Burrs tend to be either conical or straight. Straight burrs seem to provide a slight advantage in consistency of particle size but they’re also much harder to clean than those which have conical burrs.
For most at-home applications we favor conical burrs, but if you insist on straight burrs then make sure to pick up some as well. Traditional brushes are made with pig hair and other materials, but we found plastic handled nylon ones to work a bit better overall even if they lack the classic aesthetic.
The choice here is mostly in how much effort you’re willing to put into cleaning. We really found little difference in the quality of the final product, but straight burrs have some extra edge according to the experts.
The material your burrs are made from is rather important. For serious coffee grinding there are pretty much two options: ceramic or stainless steel.
Ceramic burrs tend to produce less heat and be easier to clean. That’s not to say they’re perfect, but many people prefer them for the fact that heat is something you want to introduce as little of as possible.
Many enthusiasts insist on ceramics, at least when using a motor-driven coffee grinder, especially for espresso. The taste difference comes from the fact that ceramic burrs tend to produce more fines when used than their stainless steel counterparts.
Stainless steel produces a more consistent grind due to the way they’re engineered, with less fines being included in the ground coffee. They can also produce more heat.
Expert advice says the following:
- Ceramic burrs are best for espresso and other fine ground applications.
- Stainless steel burrs are better for French Press and other more traditional methods of coffee.
- It doesn’t really matter if you’re using a hand grinder, since there’s no motor to produce the heavy friction required to produce an excessive amount of heat.
The wider the array of presets when it comes time to grind, the better. Many higher end burr coffee mills will give you fifteen or more settings.
Others allow for an “infinite” adjustment through the use of a worm drive or other variable method.
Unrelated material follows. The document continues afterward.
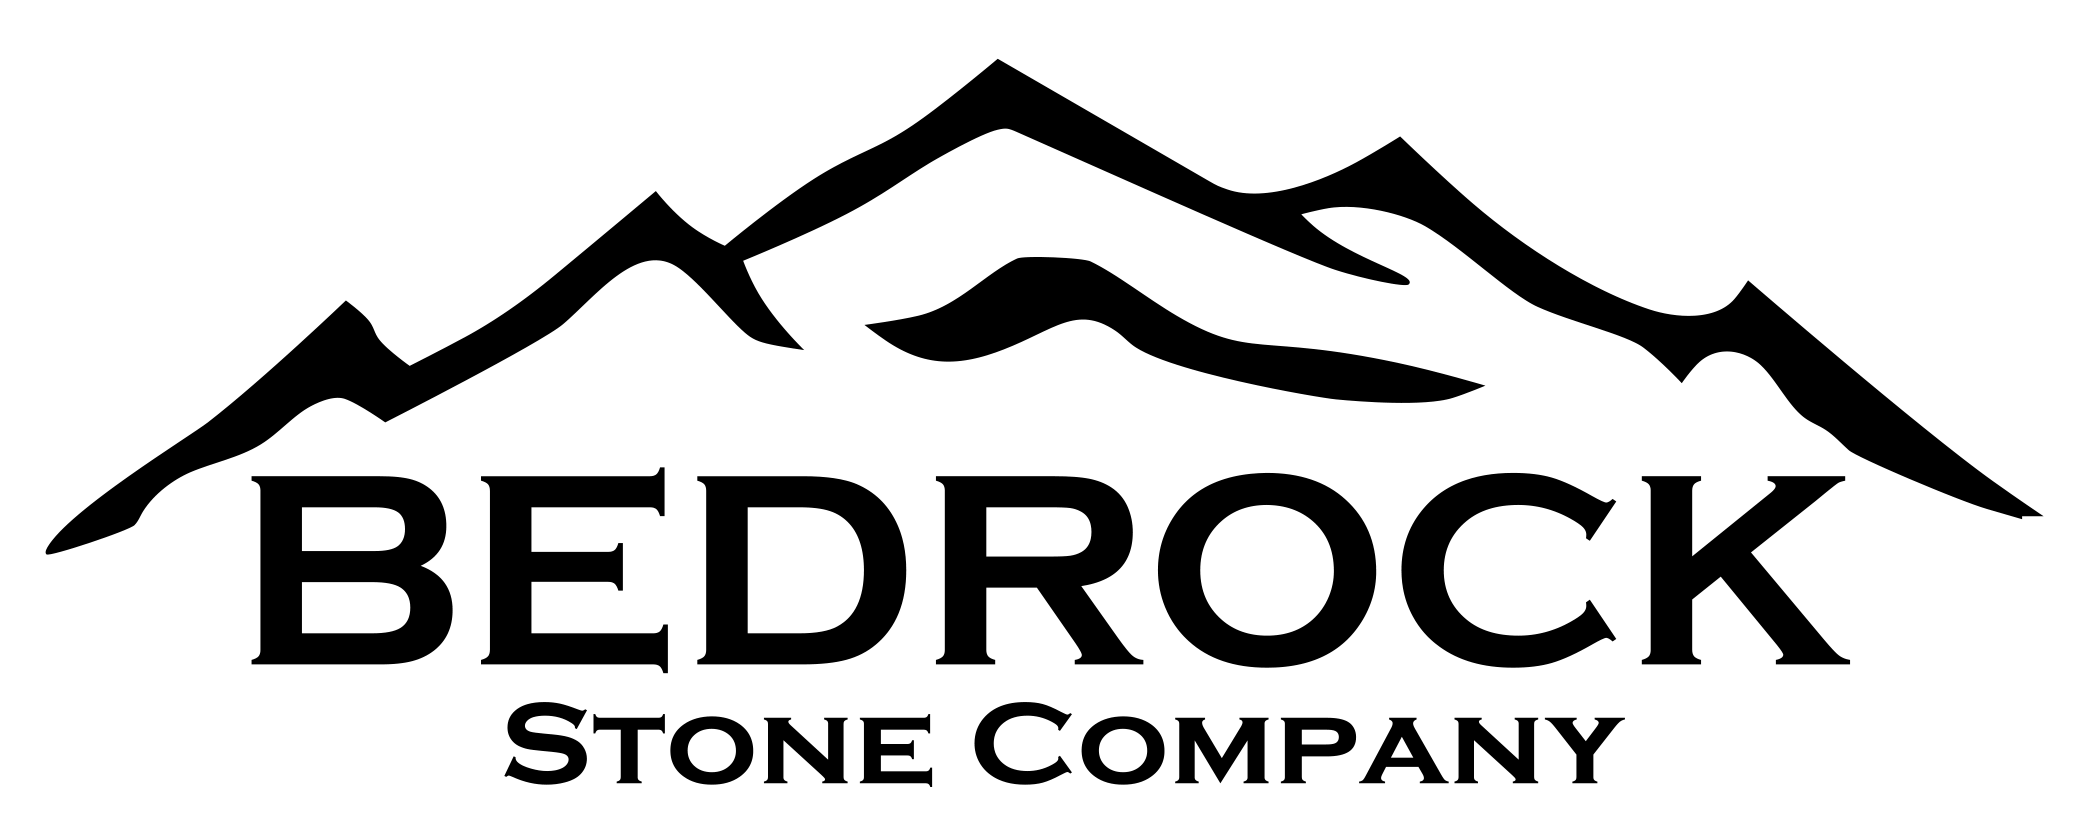 Rock Company Logo - Crab Orchard Stone - Bedrock Stone | Crab Orchard Rock Supplier
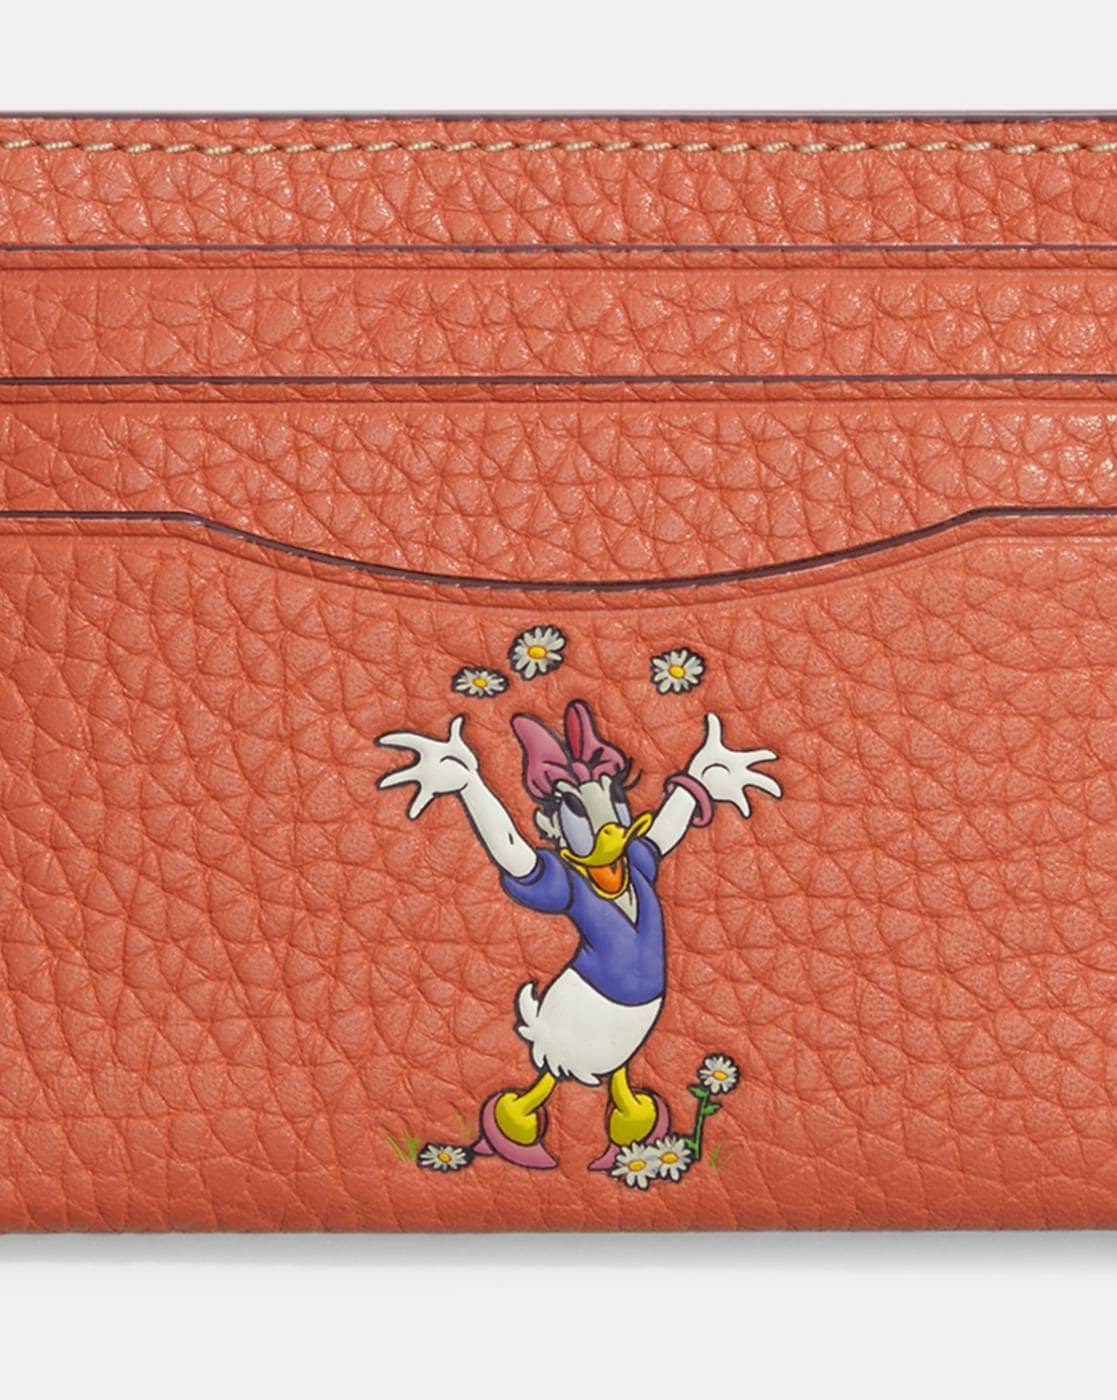 Disney X Coach Regenerative Leather Card Case

It really comes down to the type of drive in the coffee grinder.
More is better, as a general rule here, since it will allow you to finely grate your coffee and adjustable methods are the best of all since they’ll be able to ensure that you can fine tune your coffee.
On the other hand, presets are desirable if you’re not quite sure what you’re doing just yet and can save you from accidentally going too coarse or too fine with your beans.
There are two main types of drives when it comes to burr grinders.
Direct drives work with a belt and no gear reductions. These are a bit more durable and generally only used in high-end machines. The best part for home use is that they tend to be quieter.
Reduction drives work with a series of smaller gears. They’re louder and won’t last as long, but they’re also quite a bit cheaper and are usually favored for home use since they use smaller motors and don’t take up as much counter space.
Whether you’re a newbie to the world of gourmet coffee or a longtime veteran, your grinder is one of the most essential parts of the entire coffee process. Excluding the quality of the beans themselves, they’re often considered the most important piece of the puzzle.
We wholeheartedly recommend the Breville BCG820BSSXL for most people. It’s a solid piece of machinery with a long lifespan and enough settings to keep you tinkering until you’ve got everything just right for any given application.
If you’re interested in ensuring that you’ve got only high-quality coffee coming out of your home kitchen, then pick up the best burr coffee grinder for your needs to day. You’ll be amazed at the difference they can make.